#### DATA FOR THE TASK ####

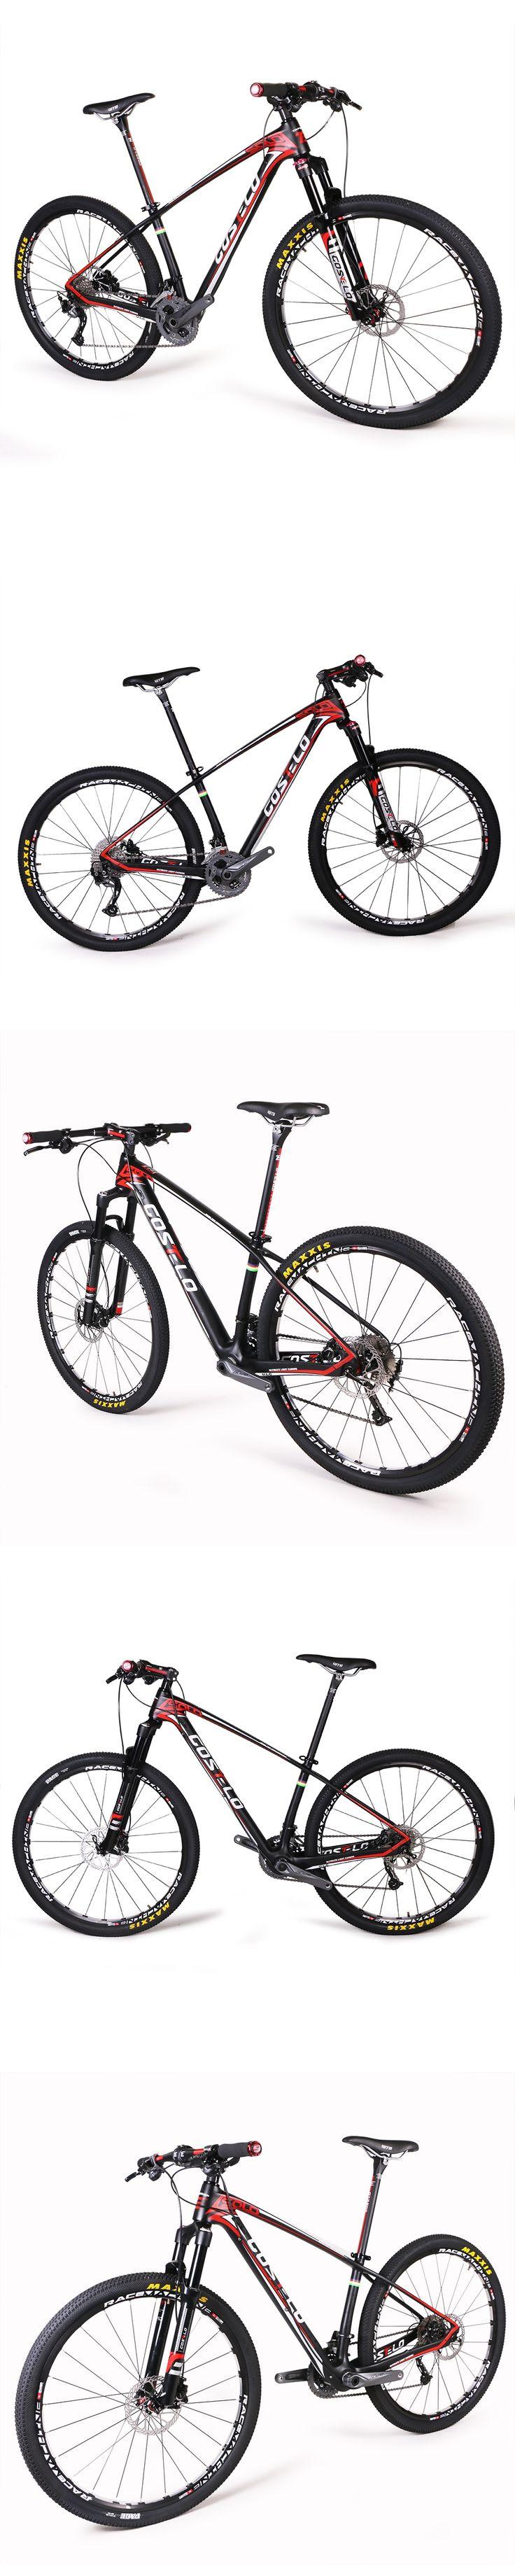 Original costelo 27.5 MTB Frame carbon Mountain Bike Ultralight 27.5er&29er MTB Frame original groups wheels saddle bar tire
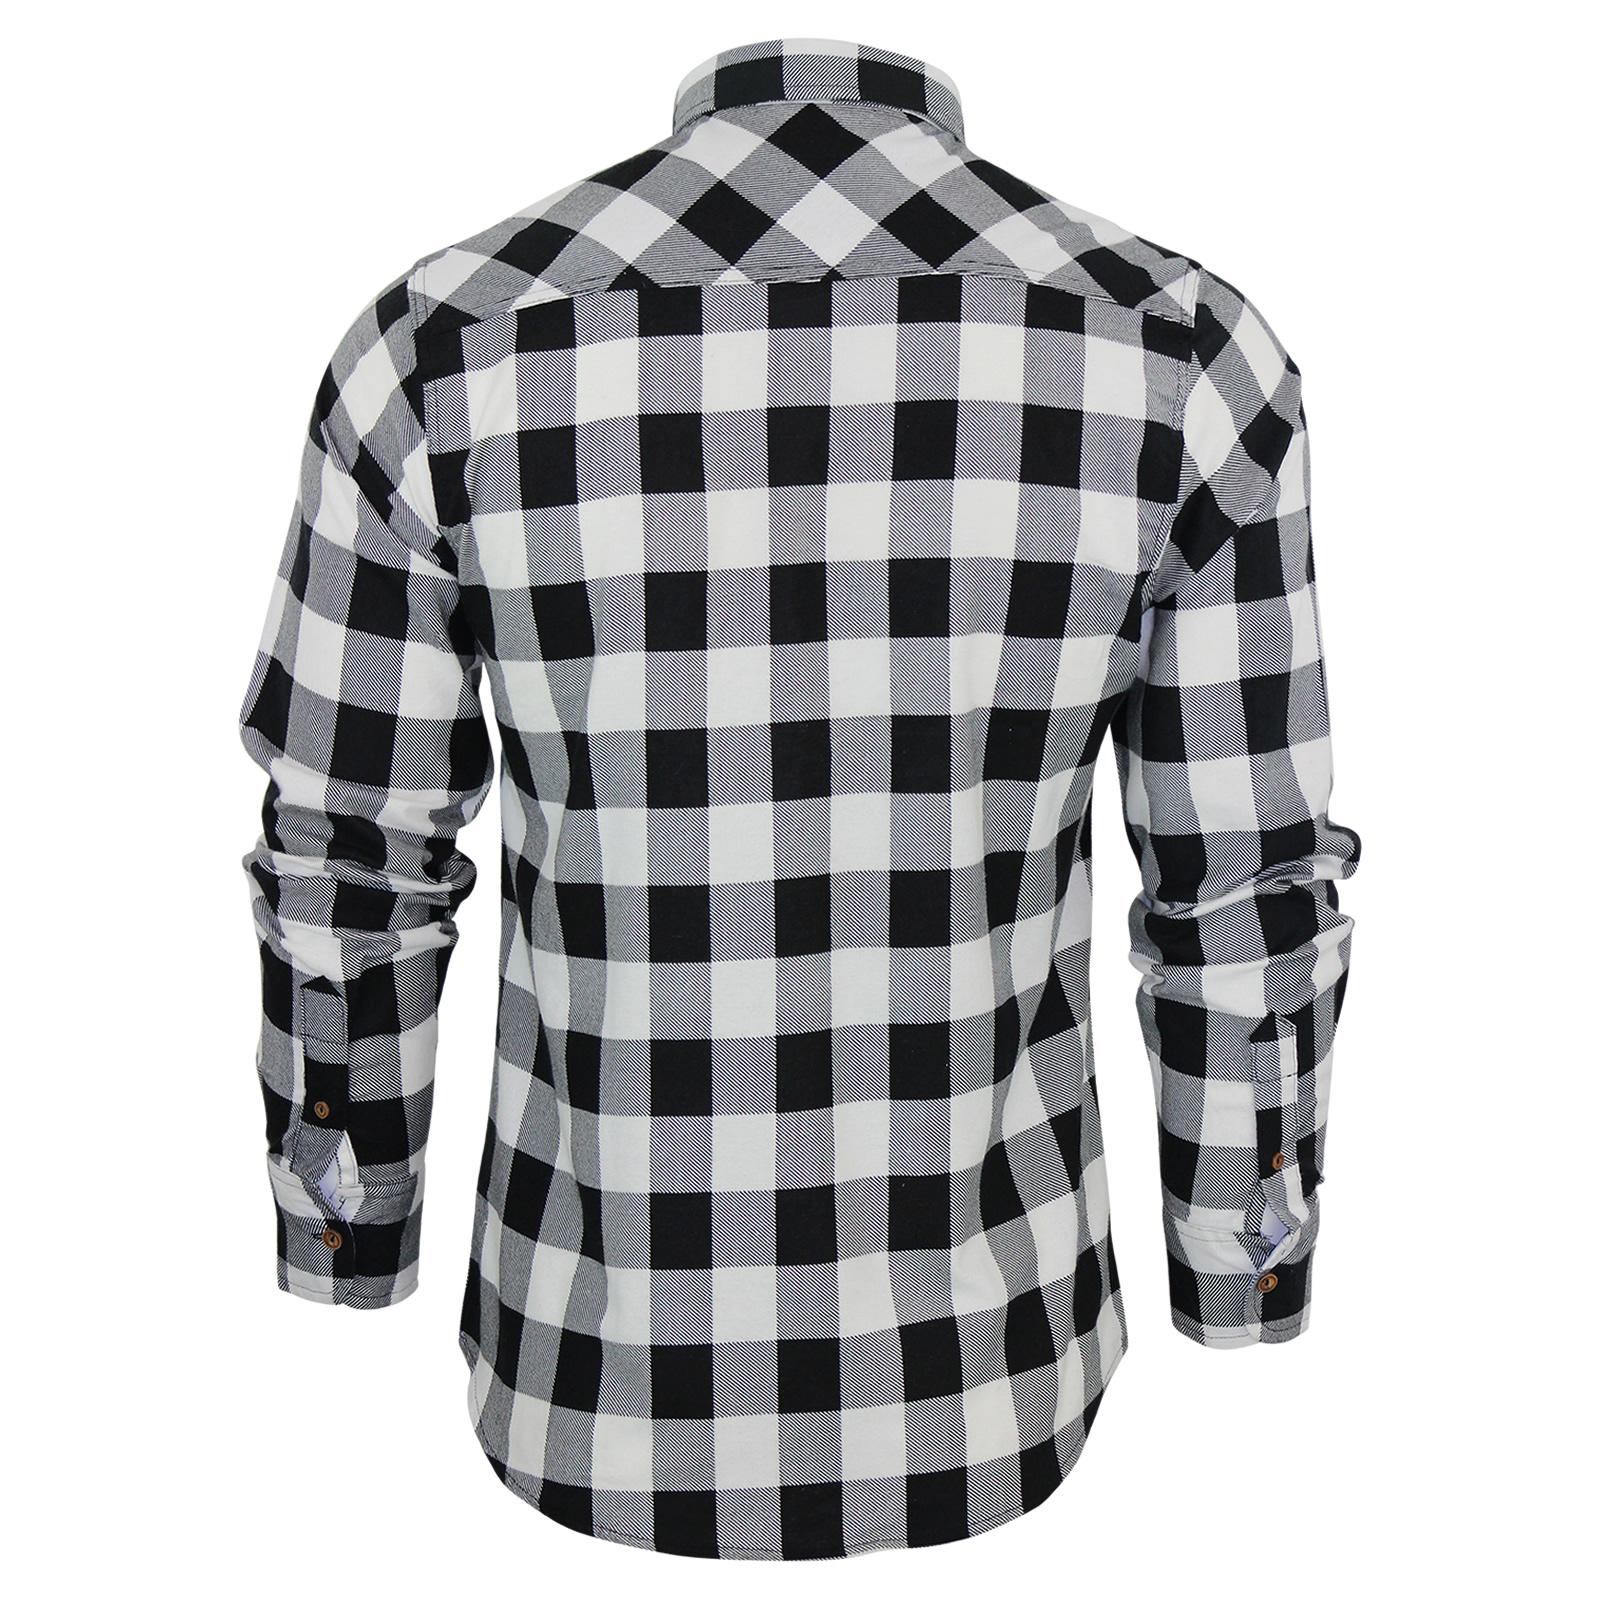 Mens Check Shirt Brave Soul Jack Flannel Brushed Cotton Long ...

####
#### DATA FOR THE TASK ####

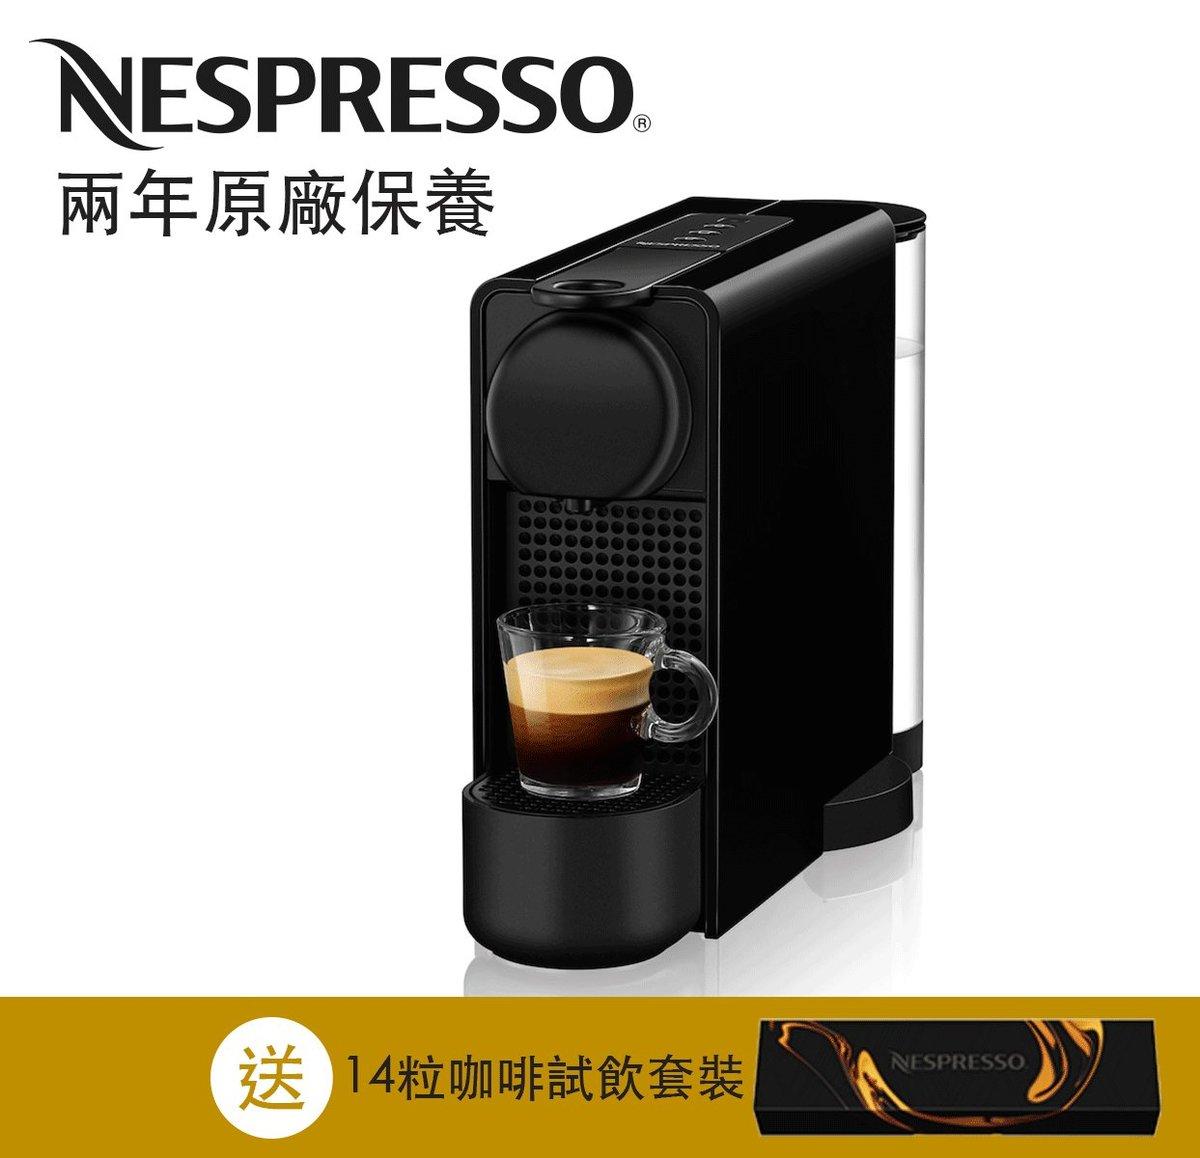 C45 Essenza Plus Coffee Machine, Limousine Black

####

_WHAT THE TASK REQUIRES_: Your reply should consist solely of the lines above from the line containing "Original costelo 27.5" up to and including the line containing "Mens Check Shirt", reproduced exactly, minus the pictures.

_SOLUTION TO THIS EXERCISE_:
 Original costelo 27.5 MTB Frame carbon Mountain Bike Ultralight 27.5er&29er MTB Frame original groups wheels saddle bar tire
 Mens Check Shirt Brave Soul Jack Flannel Brushed Cotton Long ...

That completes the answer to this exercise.